В тихом переулке Минька и Гринька остановились, перевели дух и, опережая друг друга, возбужденно зашептали:
— Мы Саньку Жадина с носом…
— С носом оставили!
— Как — с носом? — ничего не понял Женька.
Гринька, толкнув Миньку в бок, сказал:
— Ты не перебивай меня. Дай я все по порядку…
Минька тоже толканул брата в бок и протестующе воскликнул:
— Почему ты, а не я? Я же уследил, куда Санька прячет…
— Ты, ты! — закричал Гринька. — Мы оба следили!
— Пойдем, Жень, вон к той амбарушке, мы тебе чего-то покажем! — сказал Гринька, беря Женьку за руку.
У старой бросовой амбарушки они все трое уселись на покосившееся крыльцо. Братья вытащили из-под низенького порожка какой-то сверток. И, спеша и мешая друг другу, развернули перед Женькой кусок старой клеенки.
Чего тут только не было! И ржавые гильзы, и пластмассовый пугач, и выгоревшие офицерские погоны, и спичечный коробок с дохлым жуком-носорогом, и Женькины значки в придачу с «лунным камнем», и много, много других вещей, не имеющих цены в глазах мальчишек.
— Где же вы нашли Санькин клад? — спросил, пораженный увиденным Женька.
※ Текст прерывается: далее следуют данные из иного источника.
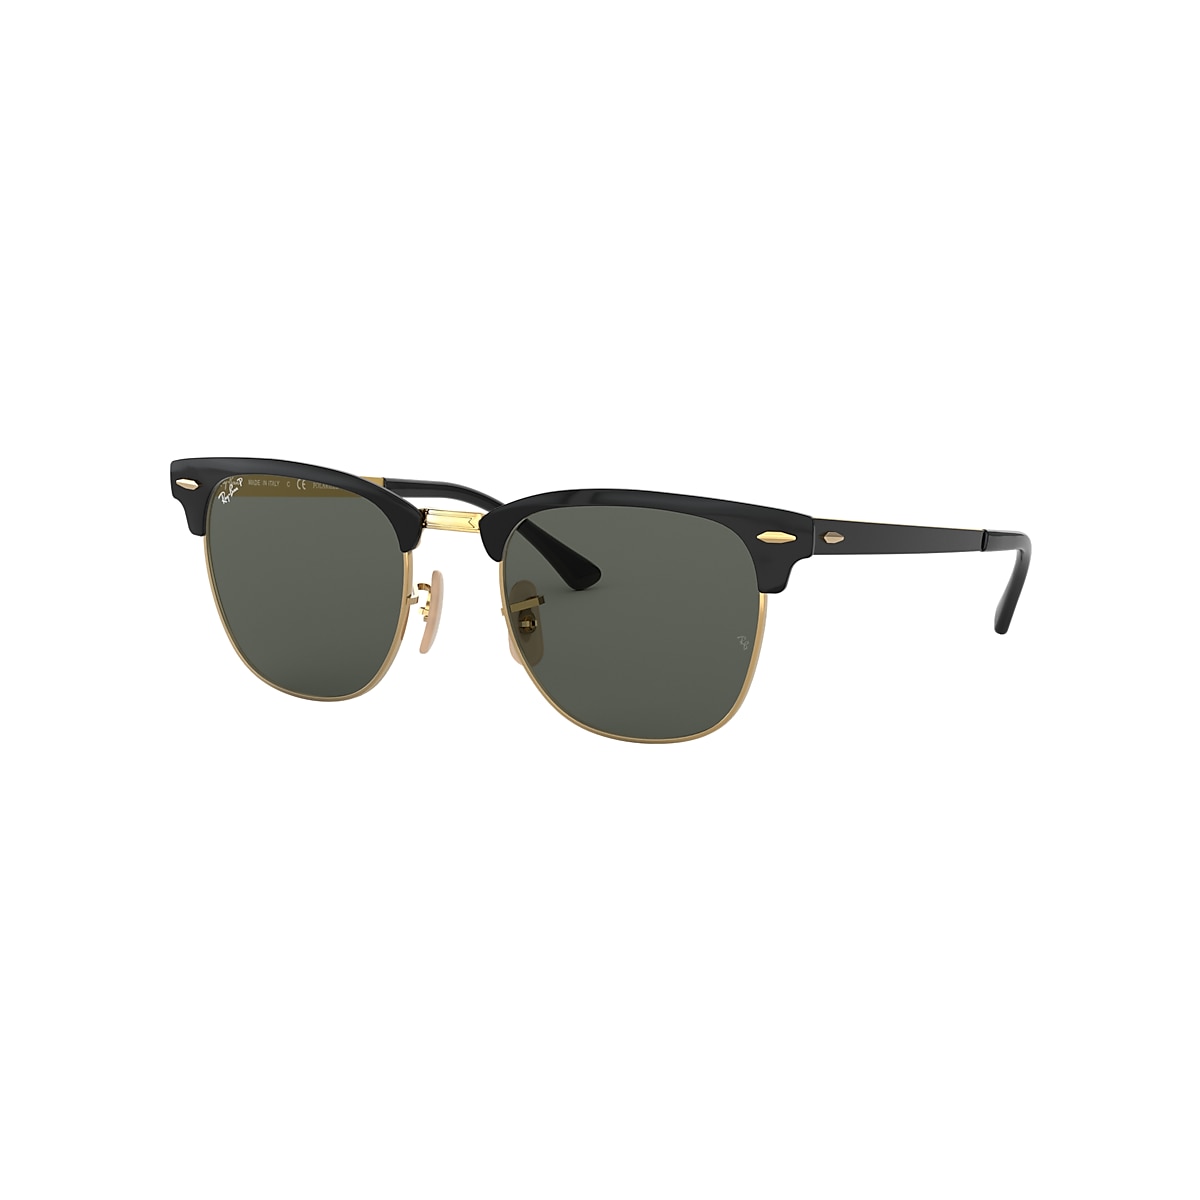 CLUBMASTER METAL Sunglasses in Black On Gold and Green - RB3716

Переглянувшись, братья ликующе сказали:
— Угадай!
— В этой амбарушке?
— Нет!
— У них, у Жадиных, под баней?
— Ничуть даже!
— Ну, ну… тогда у ветряка?
— Слабо угадать! — усмехнулся Минька.
— И не пытайся! Все равно не угадаешь! — поддакнул брату Гринька.
Сбитый с толку, Женька расколупал до крови нос (он у него так чесался!).
— На огороде, вот где! — стремясь опередить брата и не мучить Женьку, выпалил Гринька. — Наши огороды…
— Рядом наши огороды, — не отставая от Гриньки, заспешил Минька. — Вот мы и уследили. Он, Санька, свой клад под камнем прятал.
— Который у них в конце участка, где капуста посажена, — прибавил Гринька. — Там, в углу, валун такой…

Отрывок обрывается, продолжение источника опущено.